Tentative steps for pill testing in Victoria and South Australia

Tentative steps for pill testing in Victoria and South Australia

The governments of Victoria and South Australia have reiterated their opposition to pill testing at music festivals.

But tentative moves have begun to possibly change this.

Today, the Greens are introducing a bill in Victorian parliament for a trial.

It is initiated by Greens deputy leader Ellen Sandell.

Yesterday she told Parliament that she was aware of the Just Say No message when she and her friends took what they took was ecstasy at festivals in their student days.

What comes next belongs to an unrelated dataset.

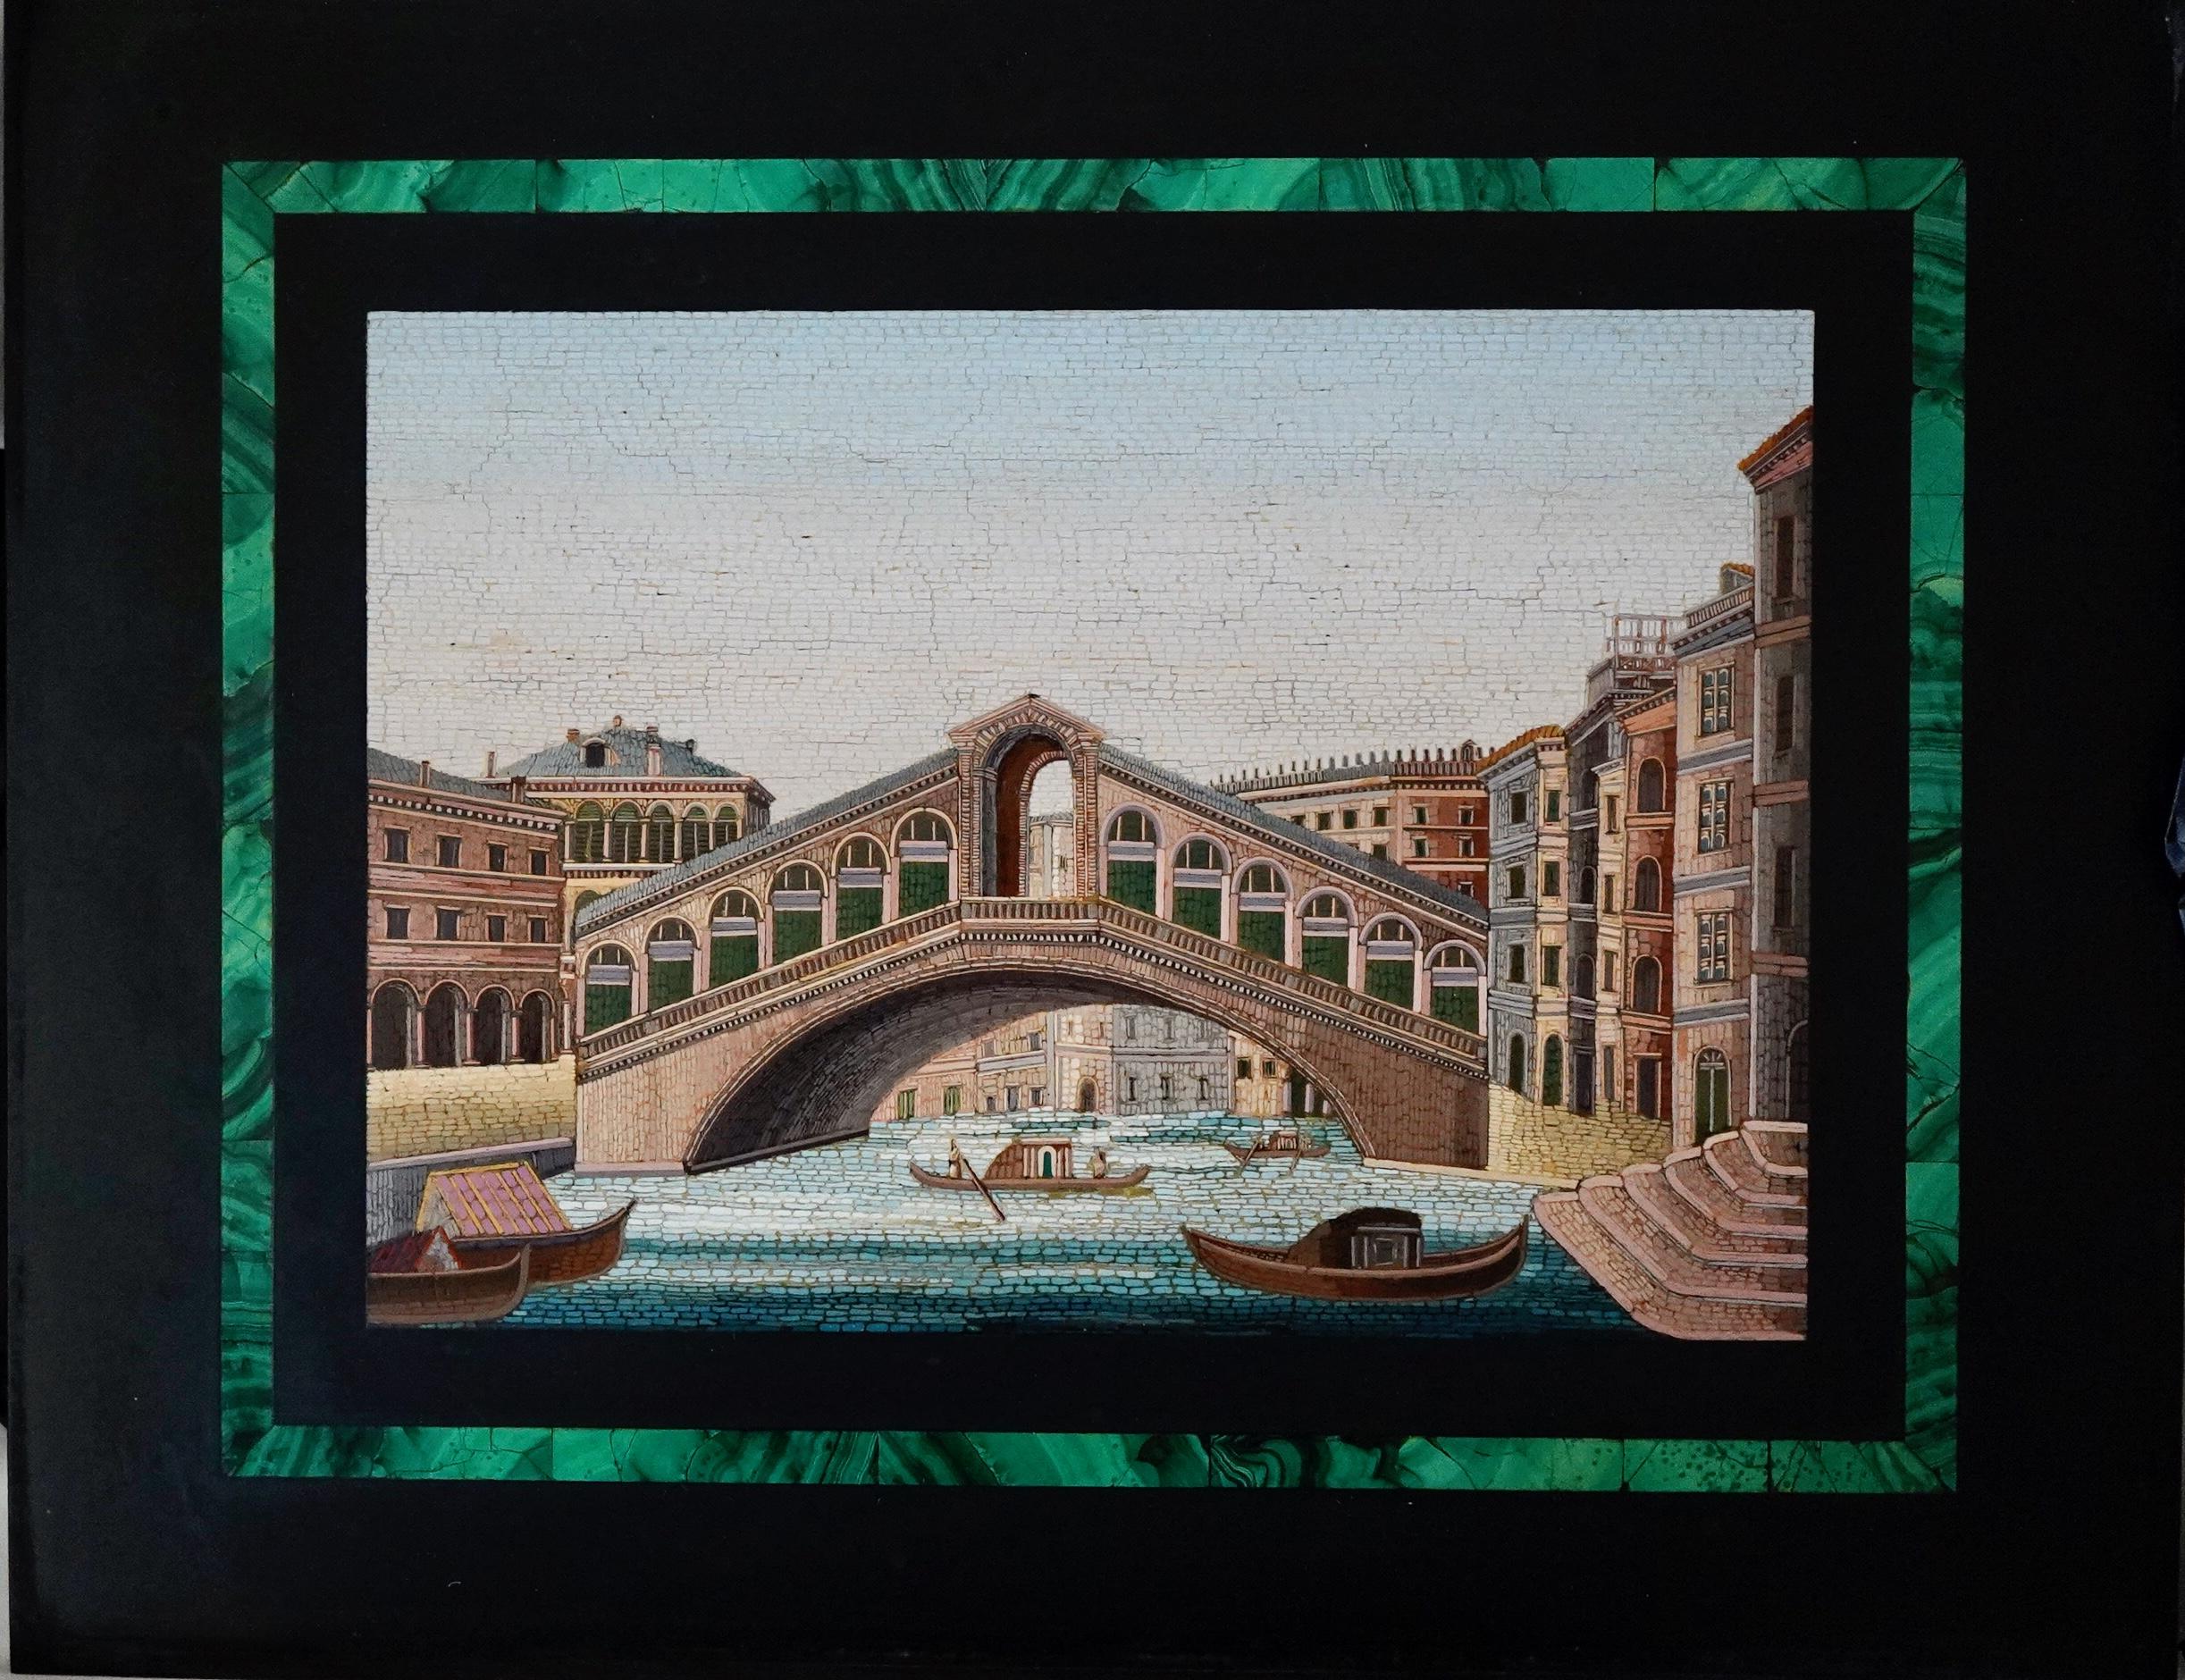 Italienische Mikromosaik-Platte mit Blick auf die Rialto-Brücke in Venedig. Eine sehr gute und detaillierte Arbeit. Die Plakette ist ungerahmt. Das Mosaik selbst ist 6,5 x 9,25 Zoll groß, insgesamt 11 x 14 Zoll.

But like the five young people who died from overdoses or poisoning this summer, “youthful optimism, our curiosity and our sense of invincibility” overtook caution, and she and her friends were lucky they didn’t take anything fatal.

Sandell stated, “Just Say No isn’t working.

“[Pill-testing at festivals] is long overdue and it’s the right thing to do.”

According to the Greens, the estimated cost of a two-year trial for Victoria would be $3.5 million.

This includes full set-up and staffing of up to five services, including both fixed-site and mobile.

In South Australia, the Greens’ Tammy Franks said her party would continue to push for the state government “to be open to research and evidence” on the issue.

In the meantime, the Adelaide Advertiser reported that Adelaide City Council said it will examine whether pill testing for events in the city and the parklands could be introduced as part of an upcoming review of the council’s city safety policy.

Dr David Caldicott of Pill Testing Australia – who’ve just been green-lighted for tests in Canberra at Groovin’ The Moo – has as a result offered a free pilot test program for any council who took up on the offer.

He started pill testing at the Enchanted Forest raves in SA ten years ago.

Dr Caldicott told the Advertiser that the SA government’s stance against pill-testing at music events “is not supported by the evidence.

“It’s a politics argument which I understand.

“But people need to be quite careful opposing it if they don’t provide good reason to do so because a lot of the people who want it are of voting age.”